The other common bonehead error for firewalling DNS goes as follows:
Someone's looking through BIND9 docs (usually for a nameserver in a
network DMZ zone or behind the corporate firewall), and sees a
"query-source" directive that can be used in the conffile to "lock" BIND9
to originating all queries to originate from port 53 (the dedicated
TCP/IP port for DNS queries). This admin then thinks, "Oh, good,
that'll simplify my firewalling: I can block all outgoing traffic
except from identified services such as port 53 for DNS." The admin
writes an iptables rule, verifies that DNS seems to be still working,
and calls it good.
_Really_ bad idea. Modern nameservers _deliberately_ randomise query
ports for security reasons. Going out of your way to disable that
feature makes your nameserver highly vulnerable to cache-poisoning
attacks. So, don't use "query-source".
And do _not_ let anyone loose with root-user access and a desire to
write iptables rules, without verifying that he/she has a clue about
what the essential services actually need. I've seen more novice
sysadmin shoot themselves with the foot doing firewalling than just
about everything else combined.
Getting back to Michael's checks, there remained point #2, zone
transfers, which he checked indirectly, as follows:
> $ dig @188.8.131.52 -t A sf-lug.com. +short
> $ dig @184.108.40.206 -t A sf-lug.com. +short +tcp
(As a reminder, IP "220.127.116.11" is the secondary = slave
nameserver for domain sf-lug.com, _my_ nameserver.)

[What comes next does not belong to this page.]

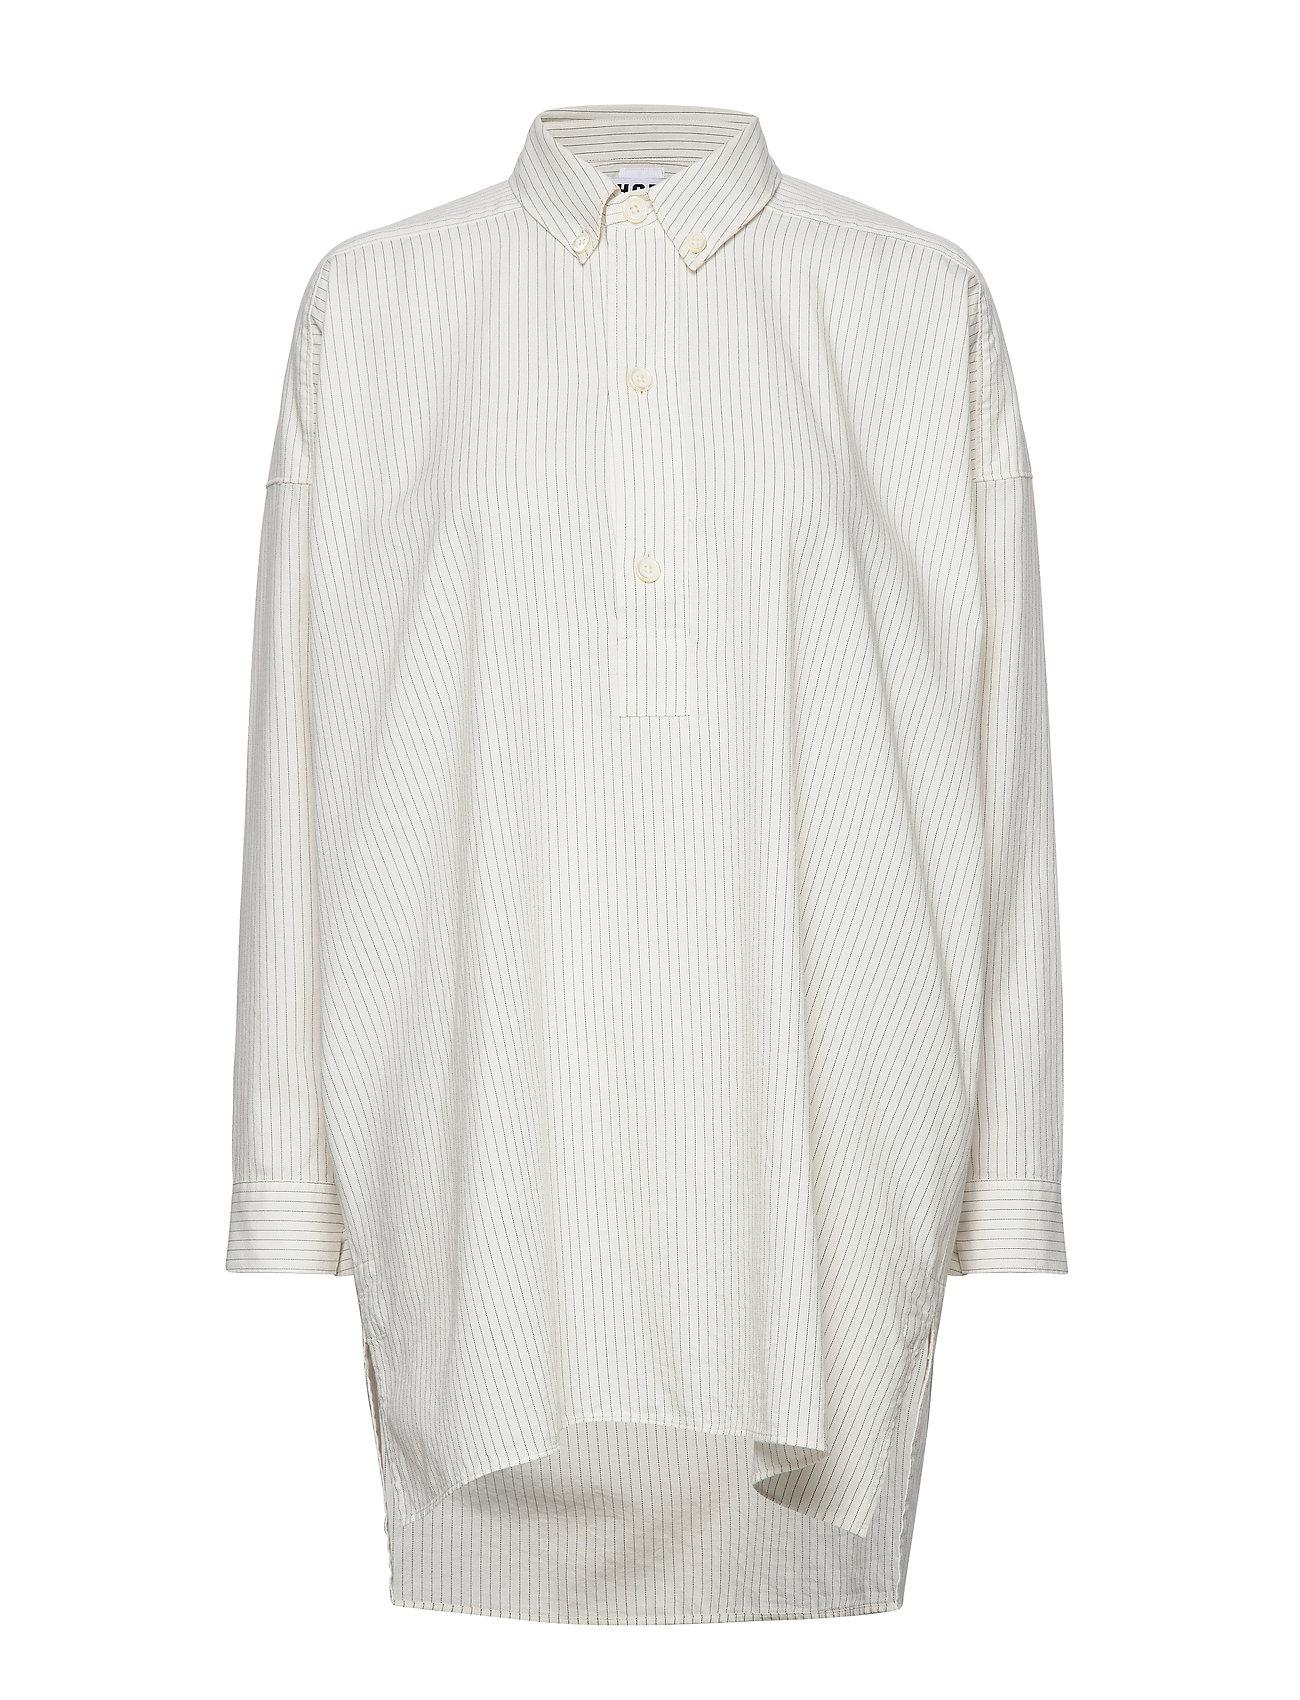 Hope Pitch Shirt - OFF WHITE PINSTRIPE
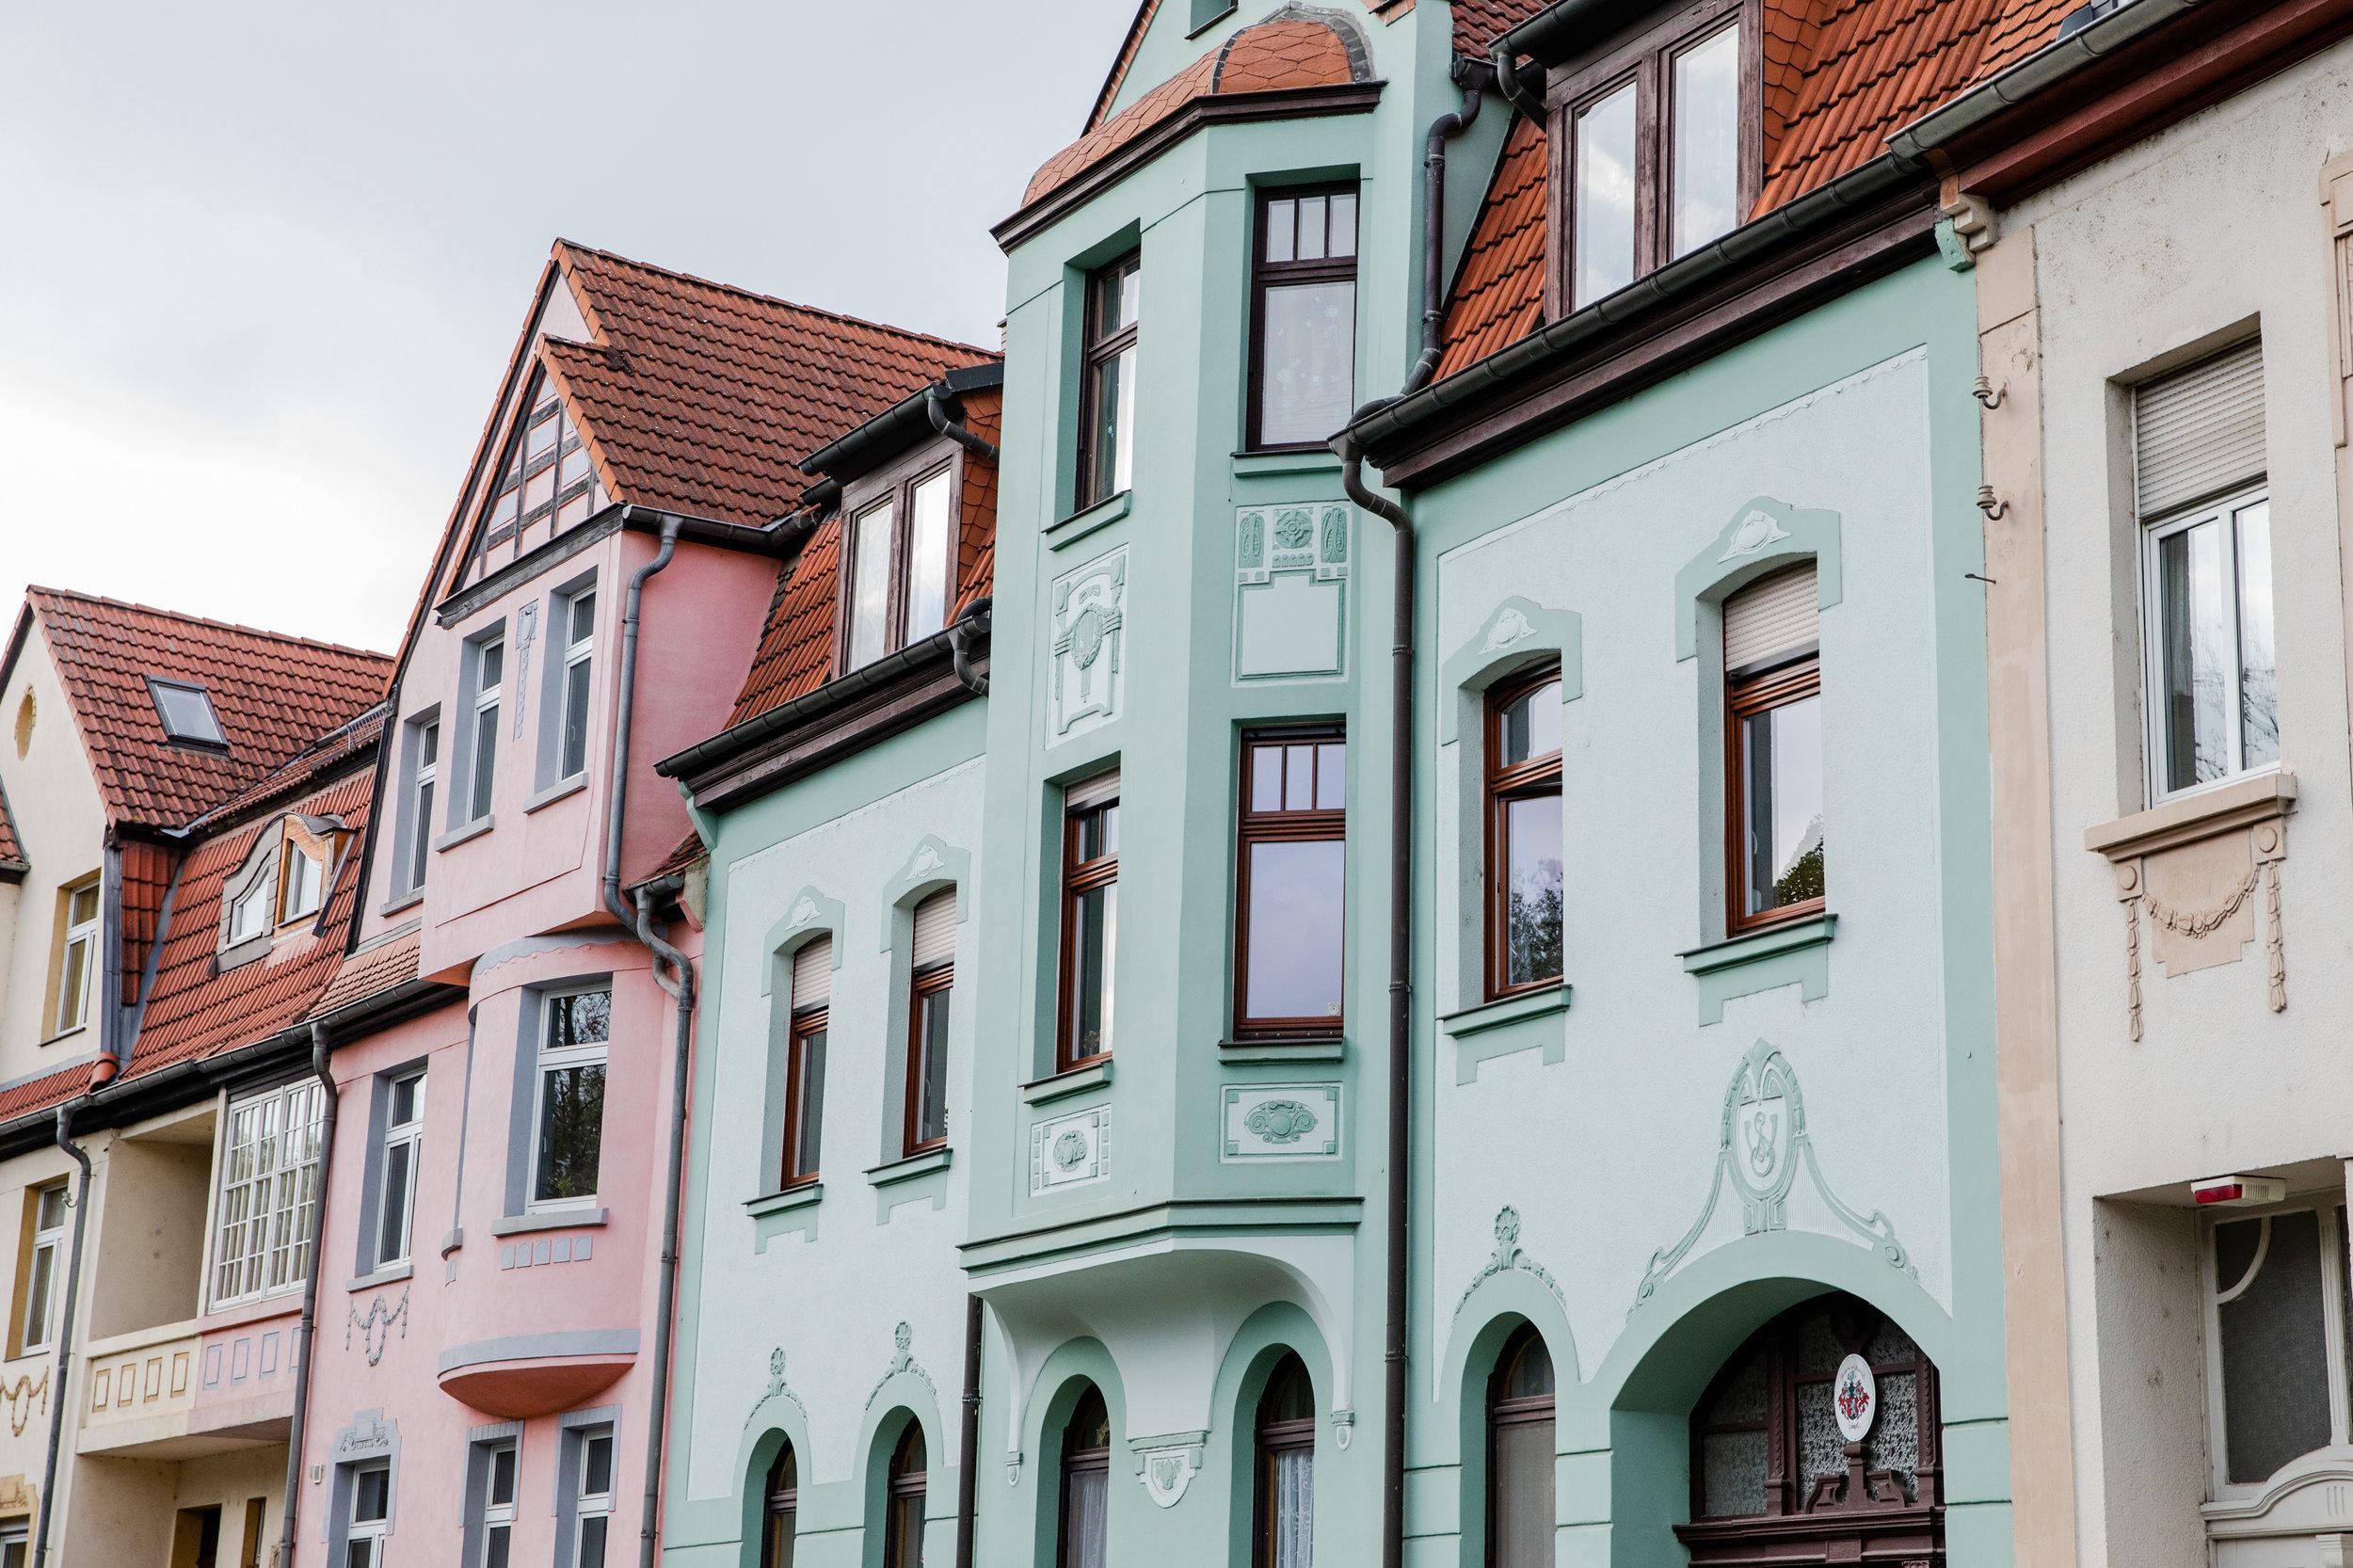 Germany-9136.jpg

Michael verified that the slave nameserver, likewise, is now able to
resolve "sf-lug.com", using both UDP and TCP query types. This
_indirectly_ confirms that the slave must have successfully pulled down
a fresh copy of the zone from the master recently, because (as we know
from upthread), as of yesterday the slave had expired out the copy of
the data it had on file from a couple of weeks ago, its Time to Live
(TTL) having expired without any zone transfers occurring to refresh the
data from the master.
Michael could have checked _directly_ for that zone transfer by looking
in the master server's /var/log/messages file, where he'd have seen the
master sending out a NOTIFY signal (the "Hey, slave nameservers, there's
a zone being freshly loaded (e.g., because the DNS daemon just started)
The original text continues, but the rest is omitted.